Мы рано отправились спать, обменявшись рукопожатиями.
Считают, что сыр вызывает дурные сны, однако сочетание бри, сен-нектер и пон-левека (от бон-бель я отказался) произвело обратное действие. Я спал без происшествий — даже без единого из тех безмятежных эпизодов, когда кто-то, кто, как я понимал, был мной, шагал через края и неведомые, и знакомые навстречу счастью и нежданному, и предсказуемому. Я проснулся с ясной головой под жужжание запоздалого шмеля, бившегося о лупящиеся пластинки жалюзи. Внизу я окунул еще теплый круассан в чашку горячего шоколада и зашагал на станцию, пока остальные еще не встали. Паутина в росе искрилась в лучах утреннего солнца, как рождественские гирлянды. Я услышал позади себя громыхание, и меня нагнал один из тех бродячих мясницких фургонов из серебристого гофрированного металла. На станции я сел в свою машину и проехал через деревню, которая все еще казалась спящей, хотя я заметил, что тротуар перед лавками уже обмыли и подмели. Было 7 ч. 40 мин., и сиплые церковные куранты пробили три четверти.
Когда я включил мотор, мои «дворники» заработали, а фары вспыхнули, и вскоре и то, и другое мне понадобилось, когда я направился вниз по склону через сырой утренний туман к шоссе Н 126. В Орийаке еще один щегольской состав из четырех вагонов уже приготовился доставить меня в Клермон-Ферран.
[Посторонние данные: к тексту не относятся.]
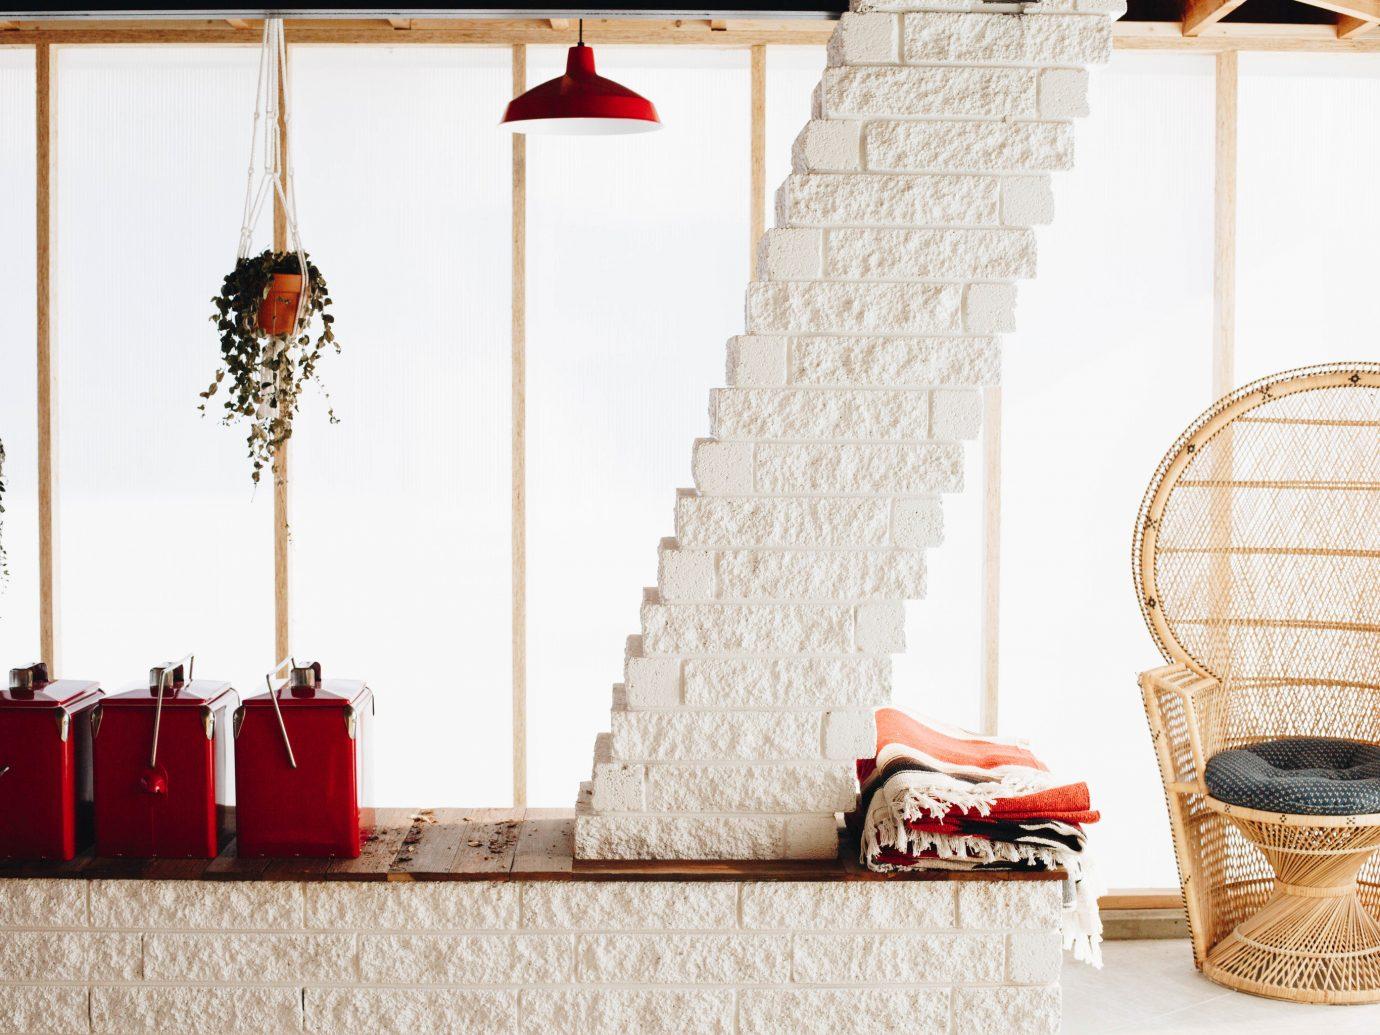 Hotels Style + Design Trip Ideas indoor furniture interior design table flooring product design floor lamp chair

Пассажиров было мало, и ничто не заслоняло от меня пейзажи за окнами, и по временам я даже видел шоссе Н 126, и оно помогало мне ориентироваться. Мы остановились в Вик-сюр-Сер, и дальше я стал смотреть особенно внимательно. Меня тревожила мысль об облаке тумана, но мягкое октябрьское солнце, видимо, испарило его. Я следил внимательно, я постоянно поворачивал голову туда-сюда, я вслушивался, не раздастся ли сигнальный гудок локомотива, и могу сказать только одно: через станцию Марран-сюр-Сер мы не проезжали.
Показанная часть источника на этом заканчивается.